Sprachlupe: Wie die Romandie ihre Mundarten herunterschluckte

Daniel Goldstein /  Wer mehr über Patois wissen will, kann jetzt ein fast 1000-seitiges Buch lesen. Oder einfach ein Gespräch mit dem Autor nachhören.

Ausgerechnet Fremdenfeindlichkeit hat in der Romandie den Niedergang des Patois, der einheimischen Mundarten, eingeleitet. Der emeritierte Dialektologie-Professor Andres Kristol erklärt es so: In Genf hatten die Hugenotten, die aus Frankreich vertriebenen Protestanten und ihre Nachfahren, zunächst den örtlichen Savoyer Dialekt angenommen; sie machten schliesslich fast die Hälfte der Bevölkerung aus. Doch den meisten wurde auch noch im 18.Jahrhundert die Einbürgerung verwehrt. Sie fühlten sich verachtet wie in Frankreich die Bauern, deren Sprache eben abschätzig patois genannt wurde, abgeleitet von den pattes, den Pfoten, mit denen sie im Dreck wühlen mussten.

Also begannen, immer laut Kristol, diese durchaus bürgerlichen Genfer Nicht-Bürger, sich von den Alteingesessenen abzugrenzen, indem sie auch im Alltag formelles Französisch verwendeten. Dazu trug ebenfalls der Einfluss der Aufklärung und der französischen Revolution bei. Im 19.Jahrhundert gab es dann weitere, hausgemachte Gründe dafür, dass sich Französisch als allgemeine Umgangssprache in der Romandie verbreitete: Die Niederlassungsfreiheit in der ganzen Schweiz und die Industrialisierung führten zur Zuwanderung – zwischen den welschen Kantonen, deren Patois sich stark unterschied, und auch aus der Deutschschweiz. Zur Assimilation diente vor allem der Schulunterricht auf Französisch.

«Ich langweile mich bei dir. Lass mich in die Berge gehen.» Die Ziege des Herrn Séguin redet hier den seltenen Patois-Dialekt aus Nendaz. (Illustration: zvg)

Dialekte unter Verschluss

Wiederum aus Frankreich kam die Ideologie einer Einheitssprache dazu; Eltern wurde eingeredet, es schade dem Schulerfolg, zuhause Patois zu reden. Aus dem Wallis berichtete ein Gewährsmann, auch der Pfarrer habe die Mundart verboten. Auf dem Land hielt sich das Patois dennoch am längsten; heute aber ist es nur noch vereinzelt die Umgangssprache der älteren Generation. Eine Hochburg ist Evolène im Val d’Hérens. Von dort stammte die Oberassistentin, als Kristol 1993 seine Professur in Neuenburg antrat. Er forderte sie auf, ihm und anderen in einem Kurs ihre Mundart beizubringen, doch lehnte sie ab: Das sei allein etwas für die Einheimischen.

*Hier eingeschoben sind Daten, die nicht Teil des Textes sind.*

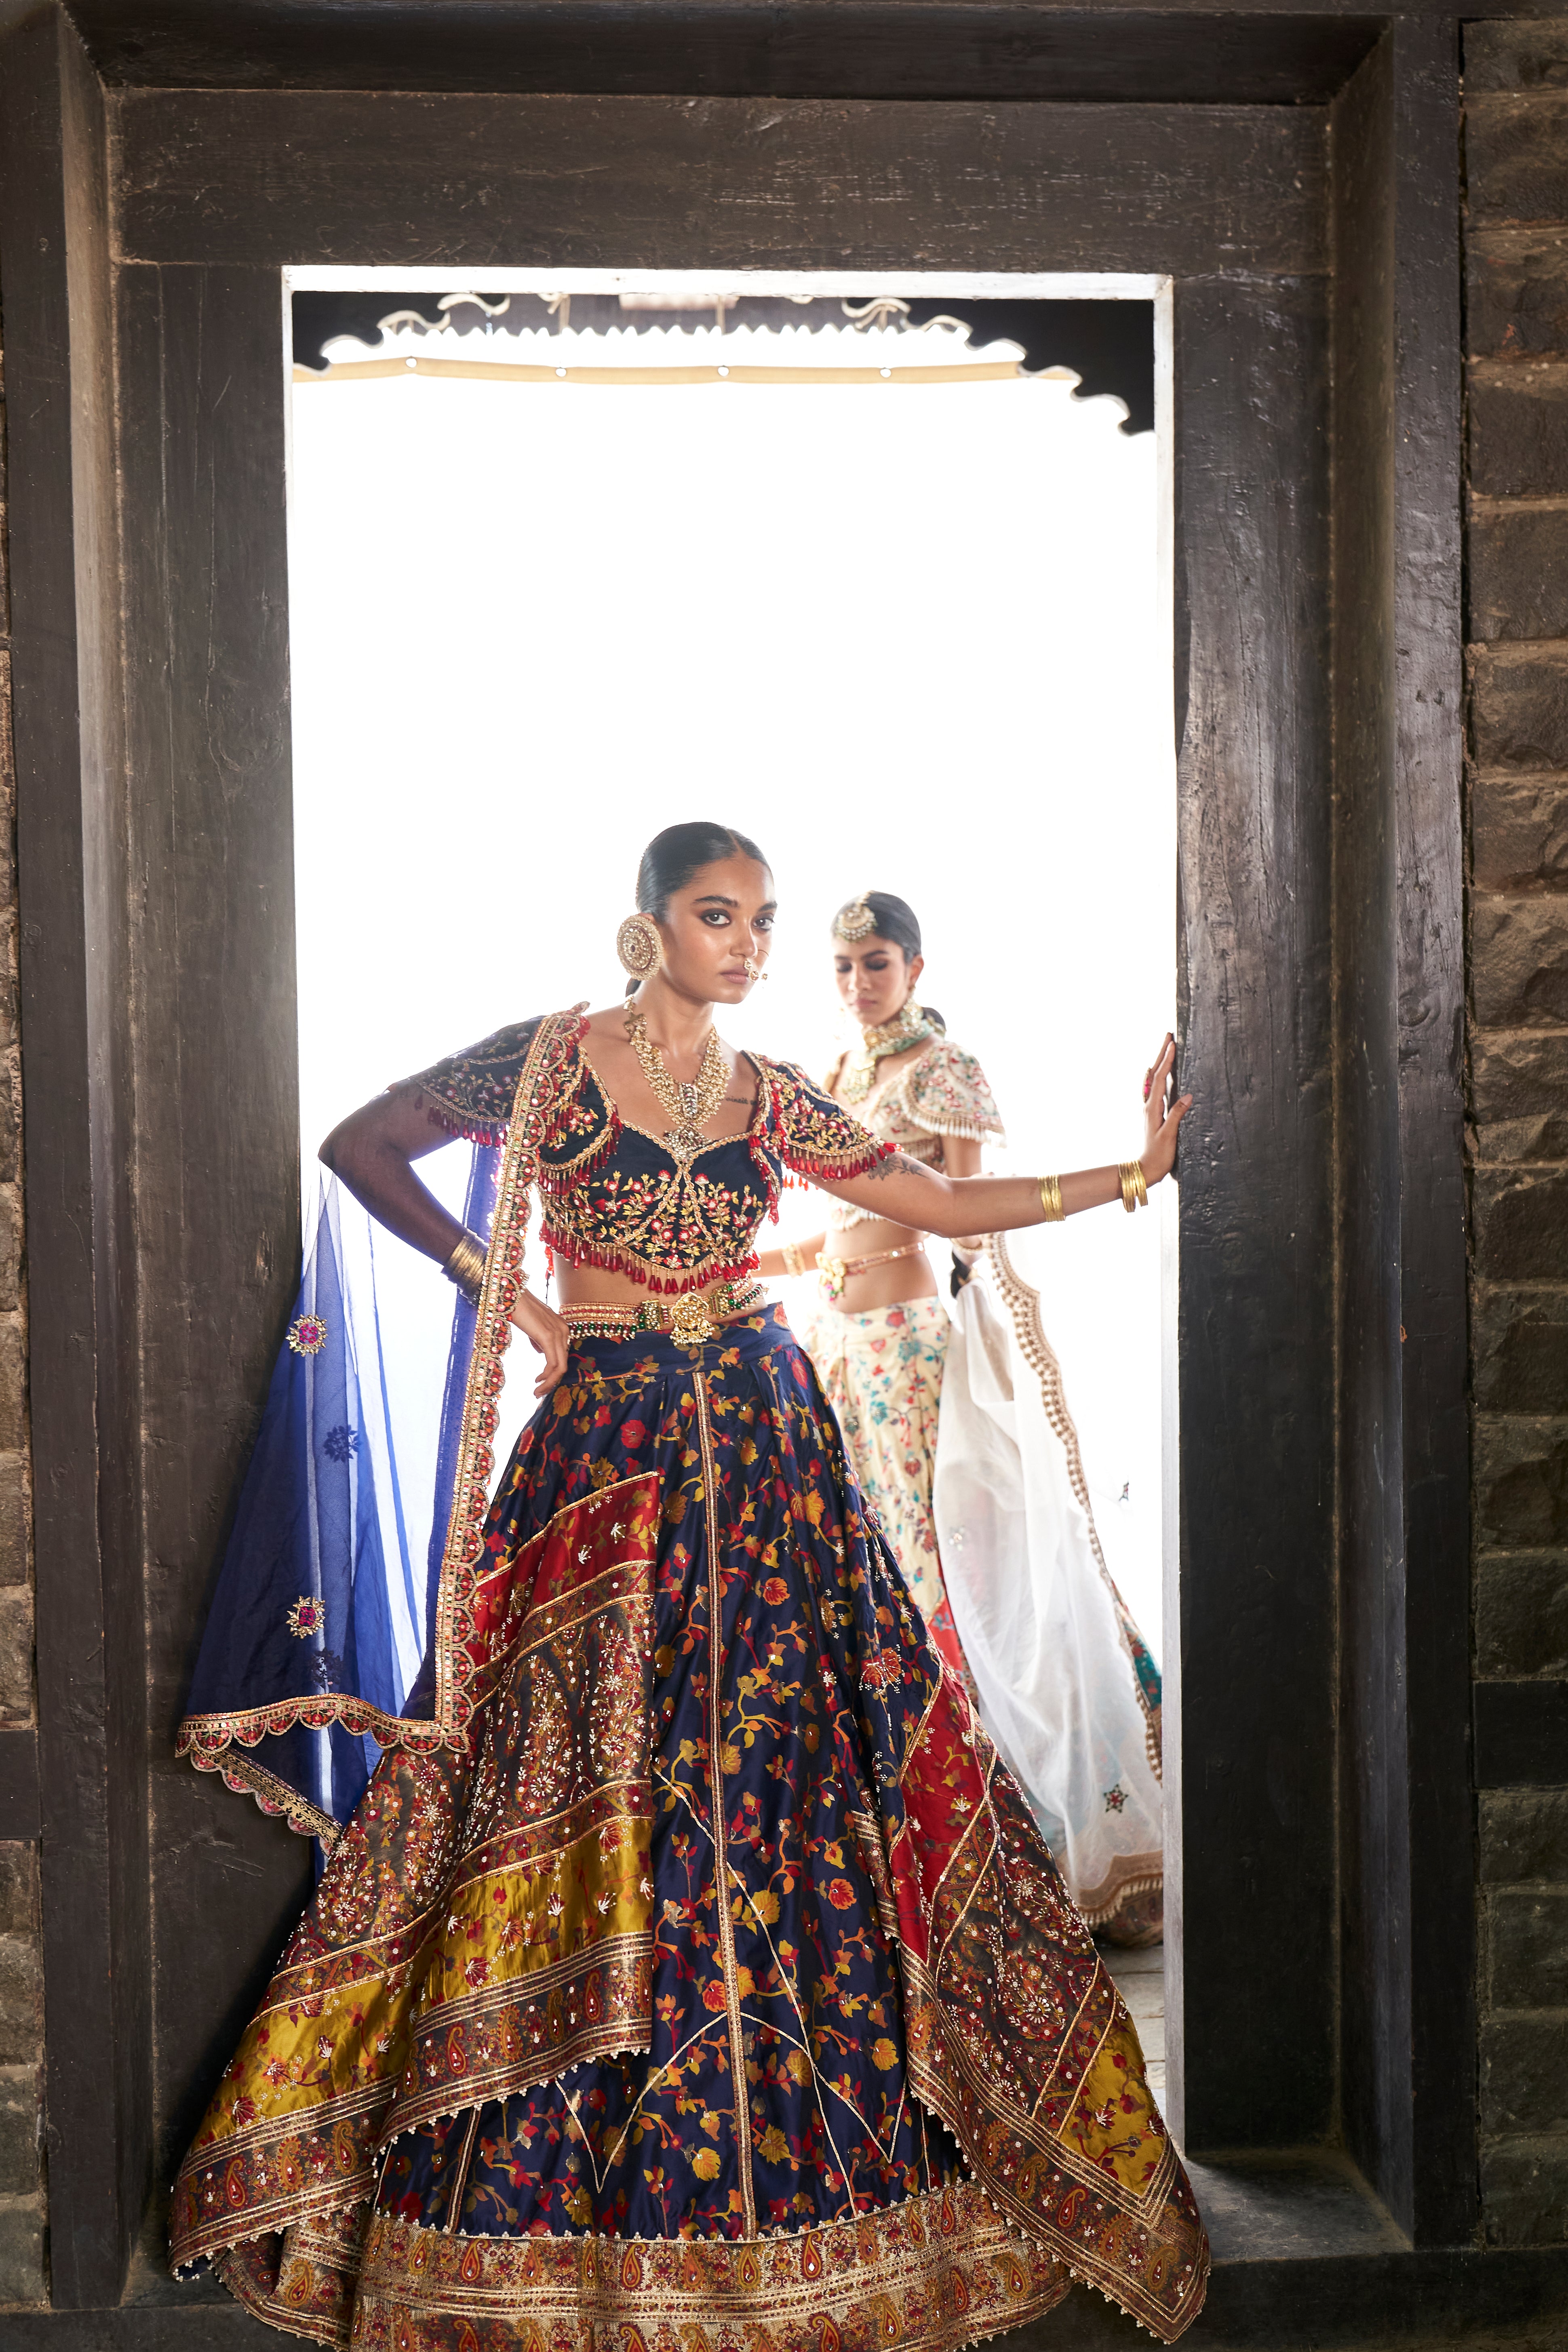 Saree or Lehenga for Wedding Guest: What Should I Wear? – Lashkaraa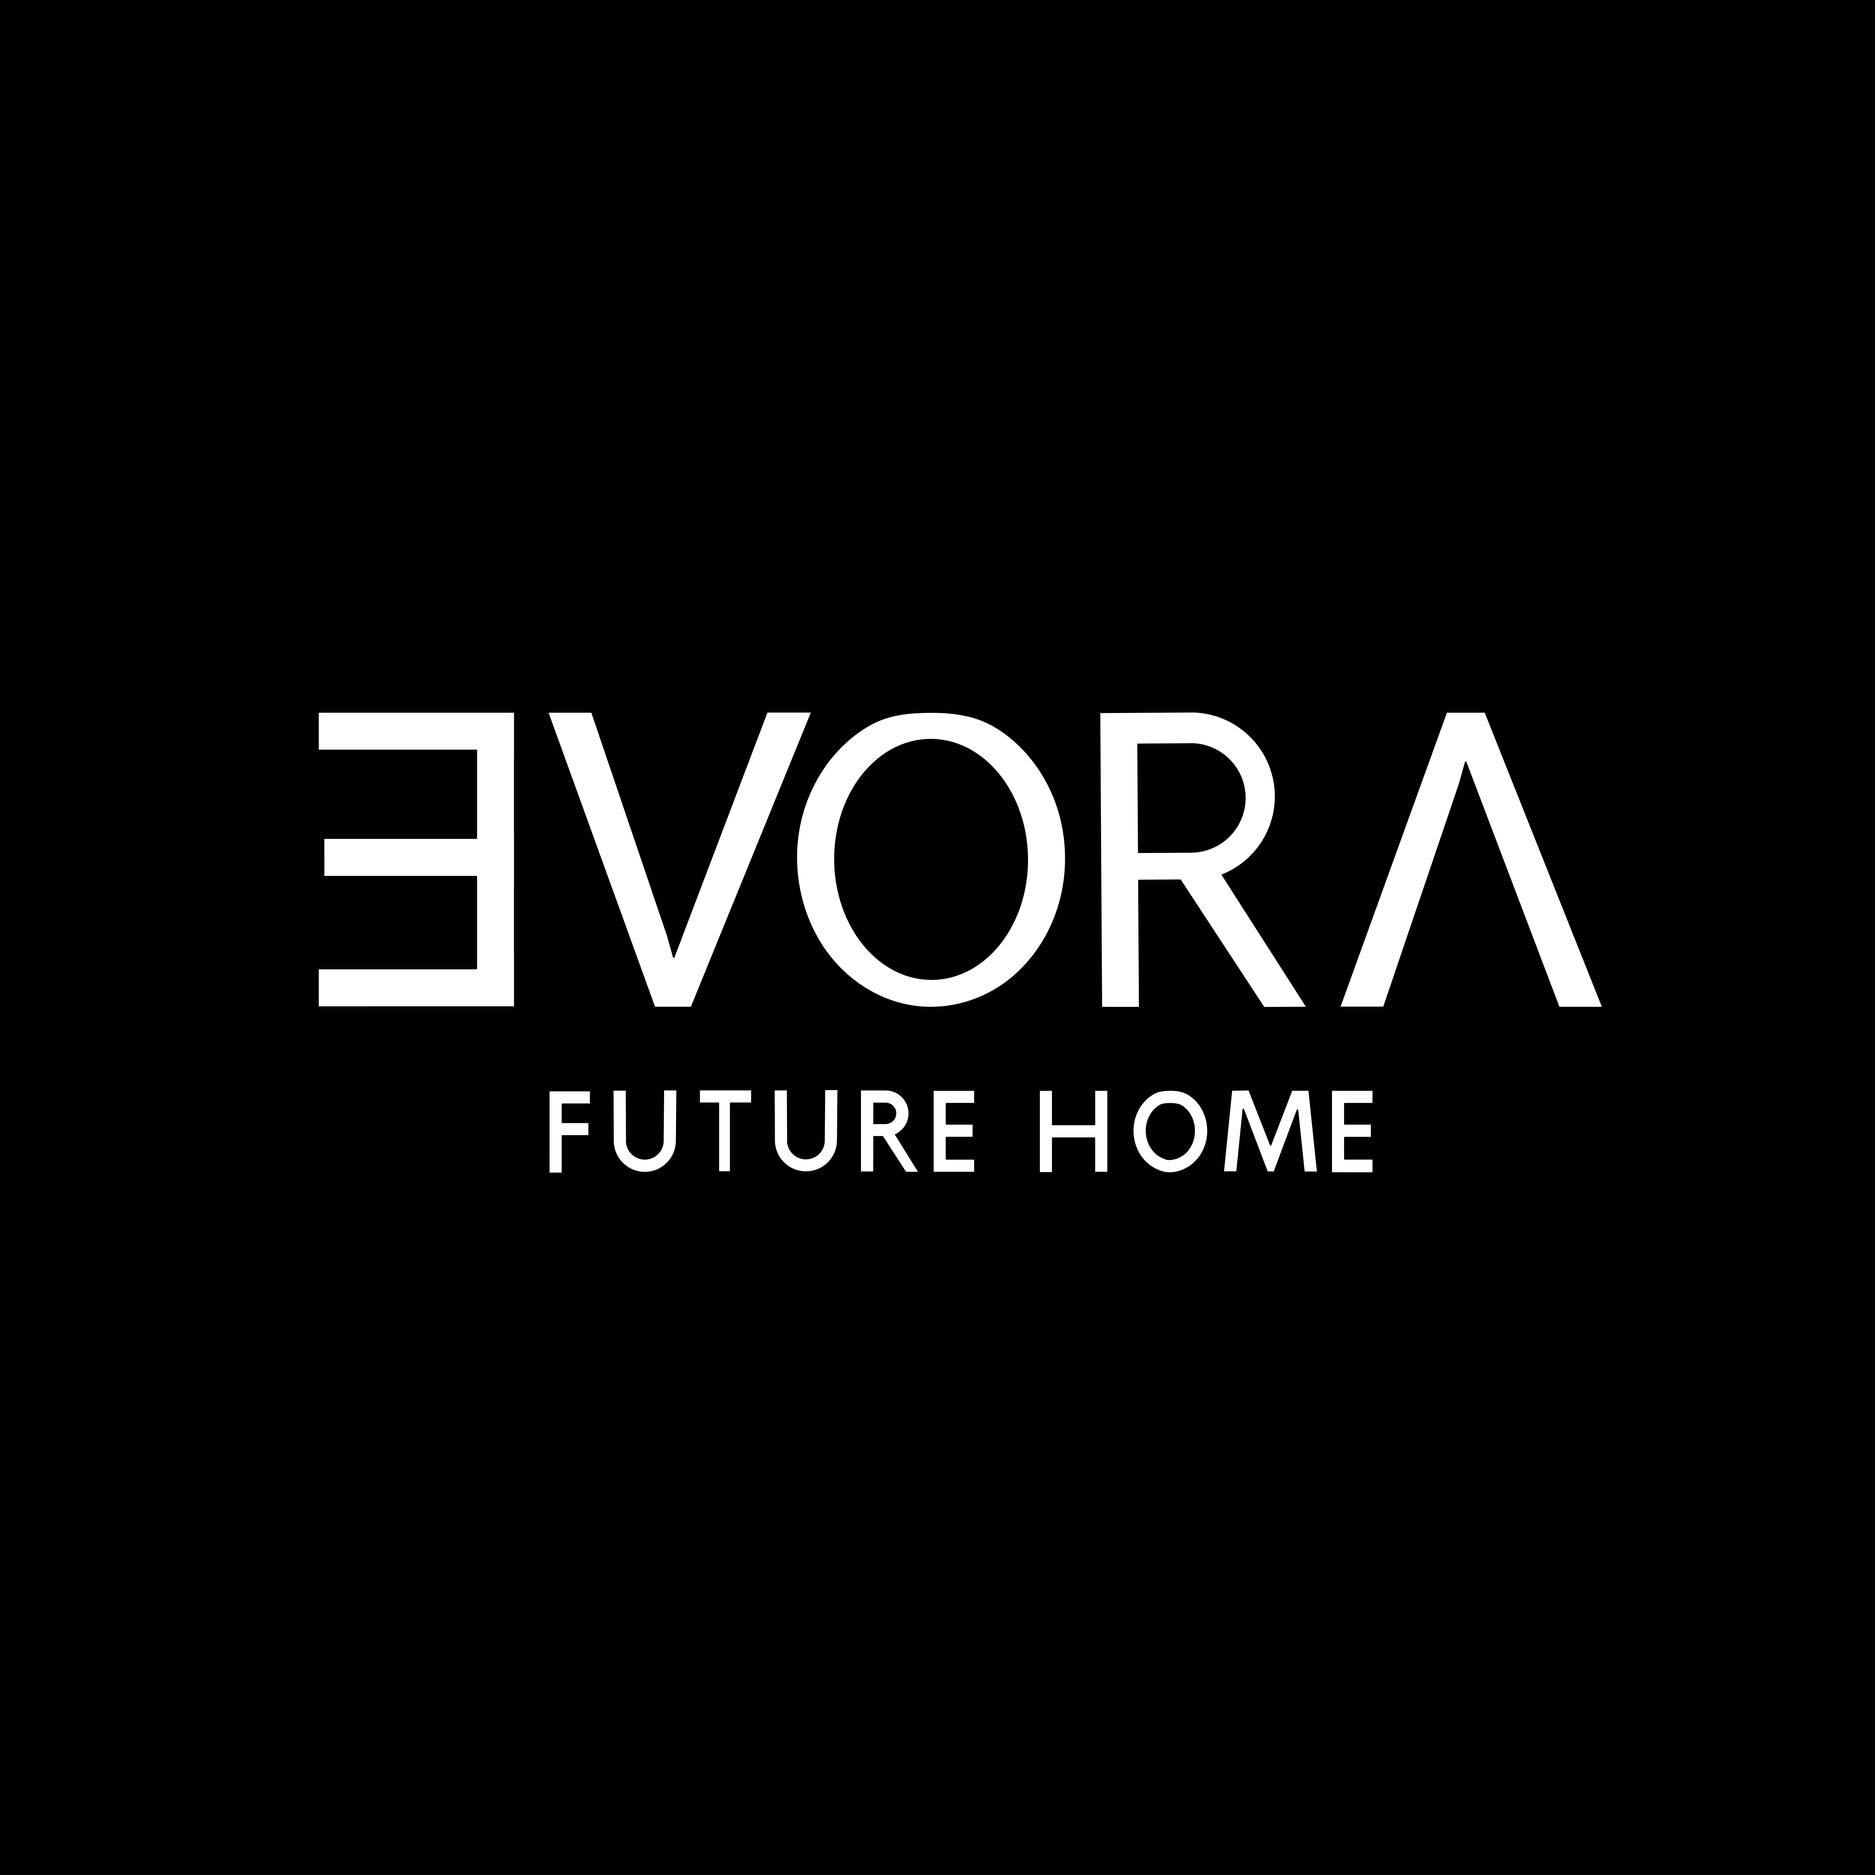 EVORA Future Home

Diese Weigerung, die Sprache mit anderen zu teilen, sieht der Professor als einen Grund fürs absehbare Aussterben des Patois. Ein weiterer sei, dass die Eltern den Dialekt nicht mehr an die Kinder weitergäben. Heute bemühten sich zwar im Wallis manche Jüngeren, die alte Mundart zu lernen, doch komme dabei etwas Künstliches heraus, das wiederum die Älteren ablehnten. Kristol lernte selber kein Patois, studierte aber alle 25 lokalen Formen, die er noch vorfand. Dieses Jahr ist nun seine monumentale Histoire linguistique de la Suisse romande (3 Bände, 984 Seiten) erschienen. Wer es kürzer mag, kann ein lebhaftes, knapp halbstündiges SRF-Gespräch mit dem Autor nachhören, auf das sich diese «Sprachlupe» stützt. Die unter Kristols Ko-Leitung entstandene Datenbank Alaval gibt ausführliche Informationen zum Walliser Patois, auch mit Karten und Tonbeispielen.

Helvetische Sprachpfade

Warum aber sind in der Deutschschweiz die Mundarten so viel lebendiger geblieben? Der Professor sagte es mir bei anderer Gelegenheit so: «Der Adolf hät s Schwyzerdütsch grettet». Ja, der Patois-Professor ist Deutschschweizer, wie schon sein Vor- und sein Vorvorgänger in Neuenburg; ein Grund dafür mag sein, dass östlich der Saane die Mundarten mehr gelten. Am Radio erklärte Kristol, vor etwa hundert Jahren sei Schweizerdeutsch durchaus «auf der Kippe» gestanden, denn «Mehrbessere» hätten begonnen, auch im Alltag Hochdeutsch zu reden. Aber in der 30-er Jahren habe die Mundart dann wieder Aufwind bekommen, im Zug der «geistigen Landesverteidigung» gegen Hitler (und seine grossdeutschen Ansprüche).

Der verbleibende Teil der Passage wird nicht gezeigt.